Богдан удивленно смотрит на меня, не понимая, в чем дело.

— Ну, просто сделать из него чучело. Символ против символа.

Мой товарищ с энтузиазмом подхватывает эту идею и немедленно приступает к ее реализации. У Богдана страсть врожденного естествоиспытателя, поэтому он и поехал со мной на Мадагаскар. Руки у него чудодейственные, и он проник во все тайны препарирования шкурок. Мы никогда не предполагали, что честную способность его рук когда-нибудь используем для борьбы с божьим судом. Богдан достает из чемодана инструменты, берет мертвого петуха и после часовой работы показывает, клянусь, самого что ни на есть живого петуха. Грудь гордо выставлена, в стеклянных глазах сверкает воинственный блеск. Петух ожил.

Наступил полдень. Я прикрепил петуха проволокой к забору около нашей хижины, рядом с главной дорогой, чтобы все жители могли его видеть. Увидели. Останавливаются, удивляются, рассуждают.

Знают, в чем дело. Знают, что вазаха набил птицу. Но логические доводы для них не так важны. Главное, то, что непосредственно возбуждает их фантазию, что говорит им само явление. А явление вполне понятное: птица была мертва; по воле духов валялся дохлый, никудышный петух; и вот теперь стоит как живой, точно проснулся: тело пружинит, голова задрана, глаза блестят. Чего доброго, еще запоет. А может, он показывает чужую мощь, неведомую жителям долины? Деревня уже не так уверена в себе и в приговоре духов.


В полдень адски палит солнце, дороги опустели, все живое спряталось в тень. Только петух остался на солнцепеке, и это ему сильно повредило. Кожа его стала быстро сохнуть и внутри что-то позорно испортилось. Петух утратил свою гордость и стал отчаянно плутоватым. Шея его кокетливо изогнулась. А во втором часу дня она вдруг вытянулась и затем согнулась в дугу; петух явно паясничал. Первые же прохожие, выглянувшие после полудня, не смогли удержаться от смеха.

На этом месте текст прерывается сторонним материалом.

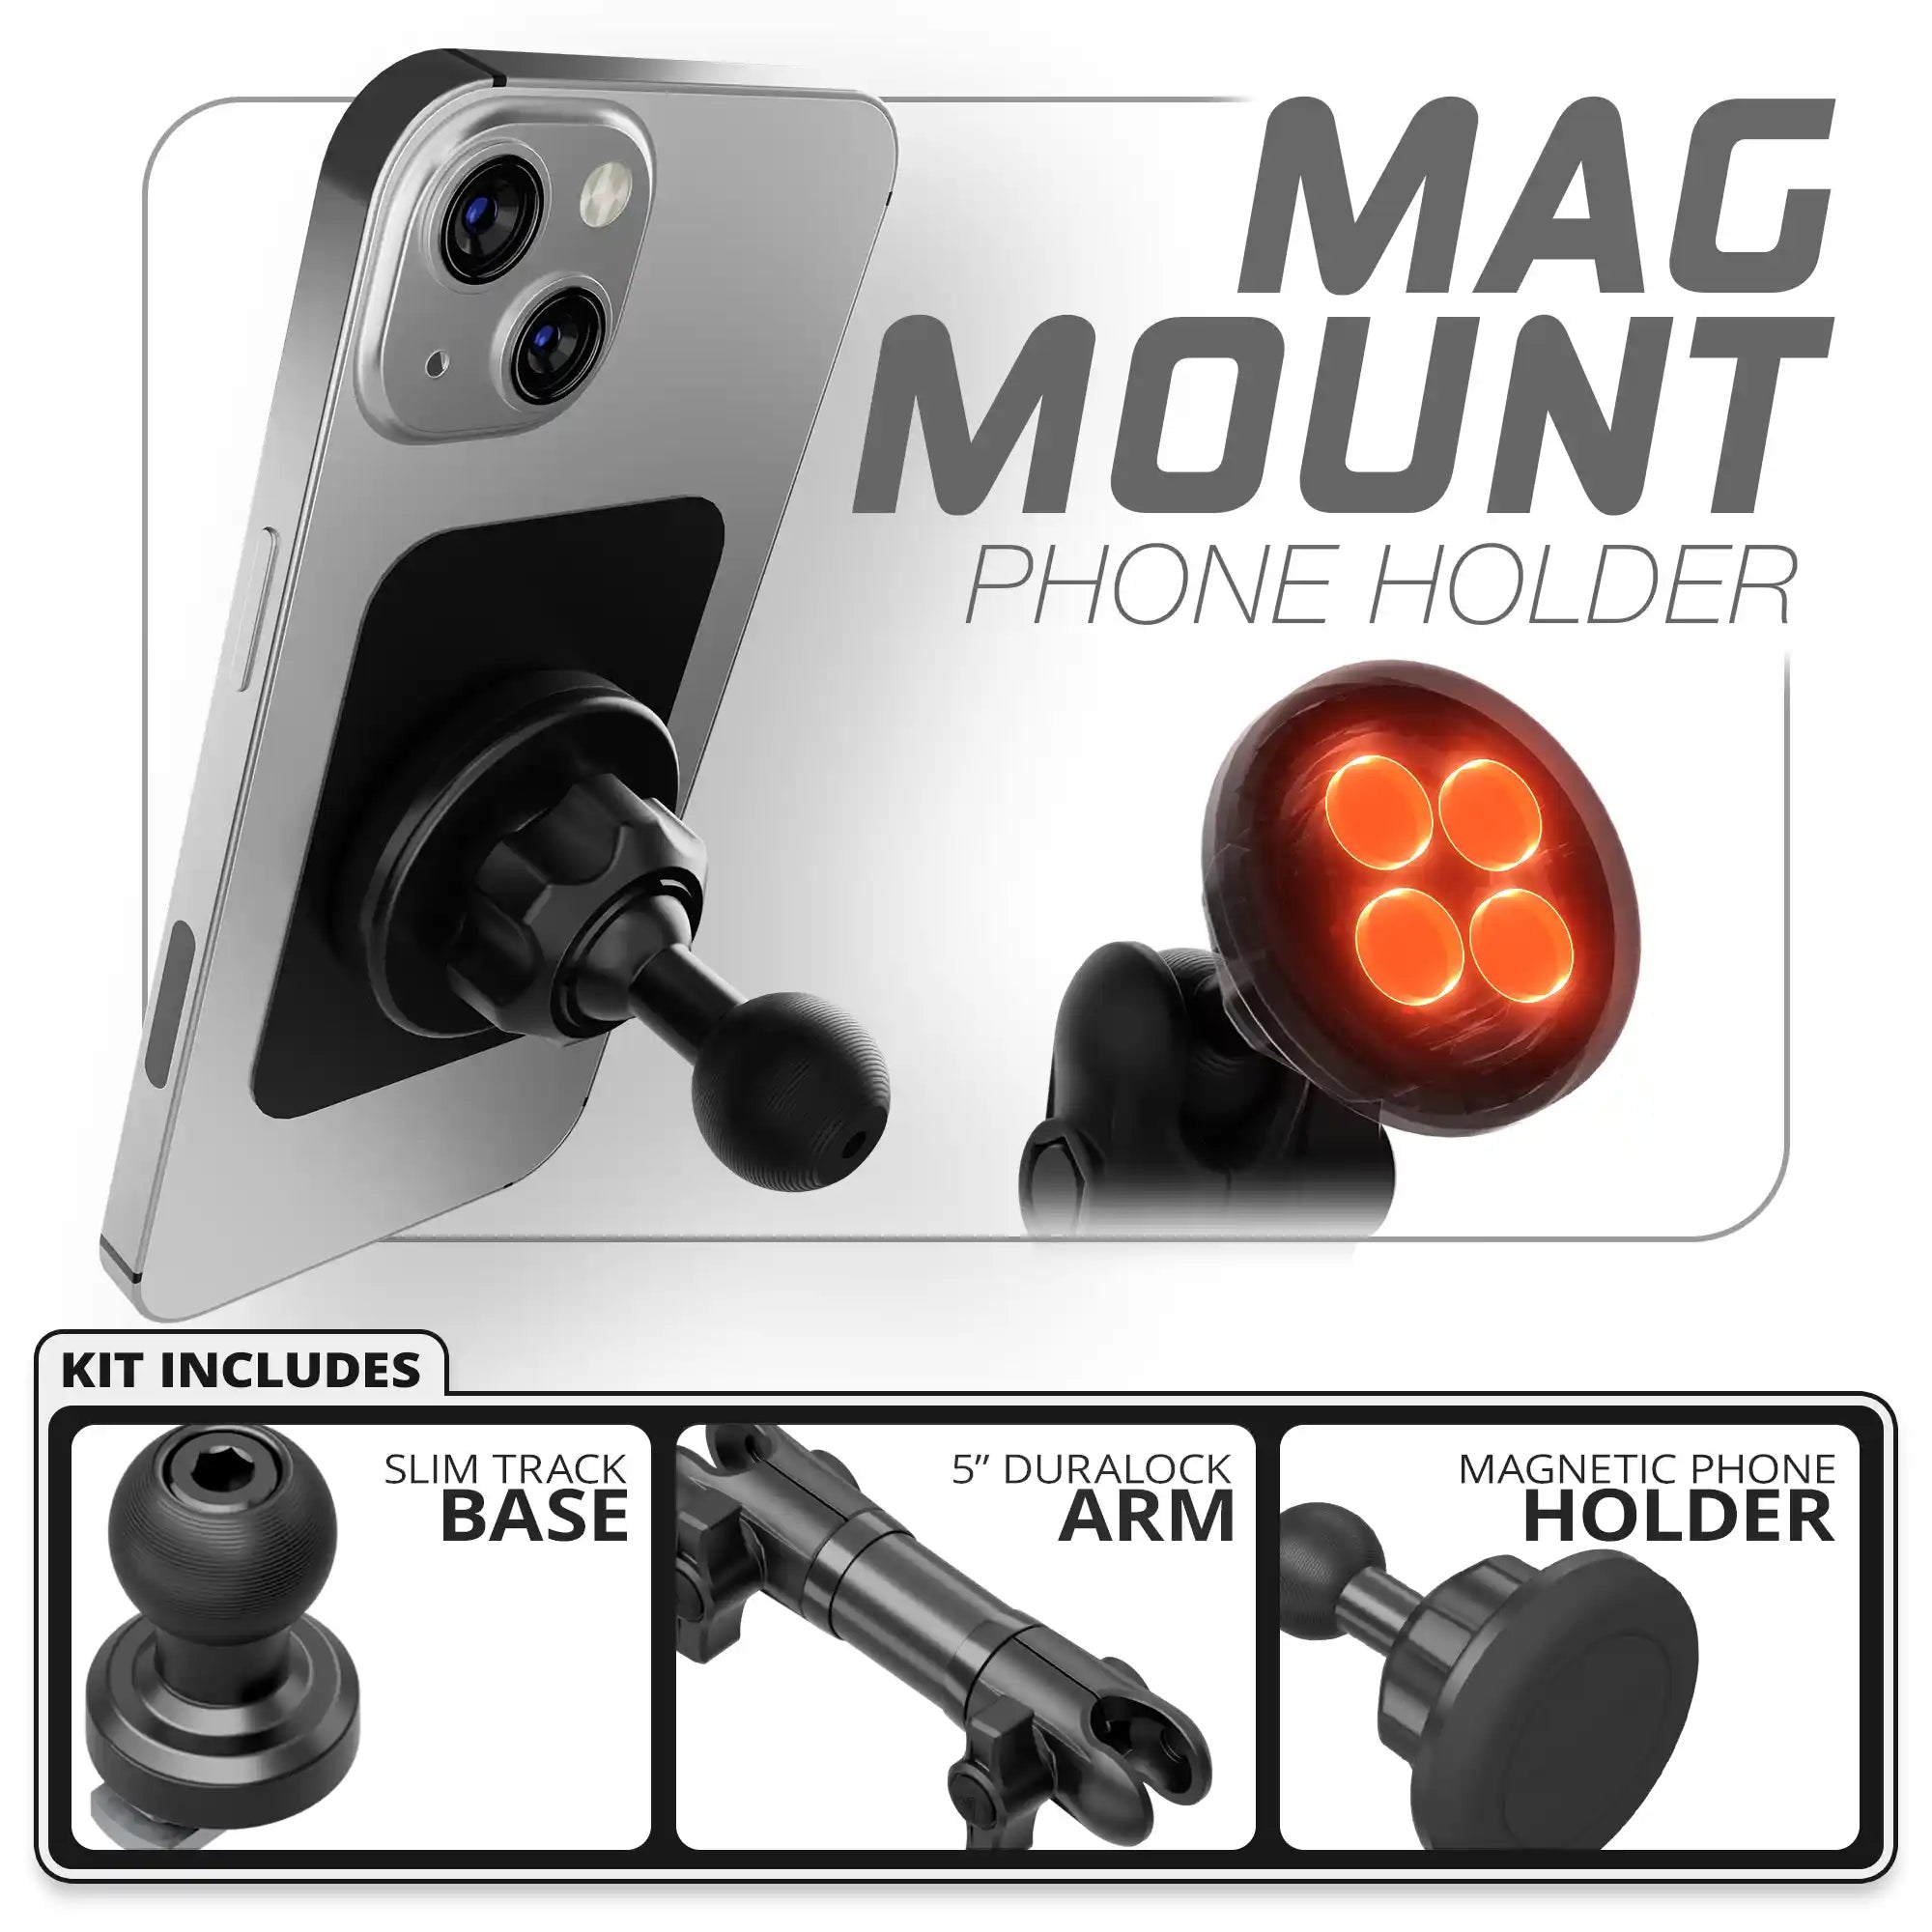 Magnetic Phone Holder | Slim Track Base | 5" DuraLock Arm

В три часа петух взбесился: он вылупил в толпу один пьяный глаз и широко раскрыл клюв, будто в безумном и дьявольском хохоте. Это уже не петух: это какой-то повеса, насмешник. Он смеется над всеми невидимыми силами мира, глумится над всем святым, издевается своим раскрытым клювом над всеми приговорами и отравленным рисом. Он издевается над Мадагаскаром, над Европой.

Он увлекает жителей деревни. В Амбинанитело все дрожит от хохота. Люди надрываются от смеха. Смеются все коричневые, смеются двое белых. При таком страшном порыве веселья и безумном замешательстве злой приговор божьего суда бессилен, сходит на нет. Развеялись чары, которые должны были прогнать нас из деревни.

Насекомые в плену

В борьбе за существование сильный побеждает слабого, но слабый не обязательно должен погибнуть. Газель не безоружна. Чутье у нее острее и ноги резвее, чем у льва. Газель может удрать. Больше того, газель должна удрать. Предусмотрительная природа дала всем без исключения созданиям могучее и безотказное оружие: инстинкт самозащиты.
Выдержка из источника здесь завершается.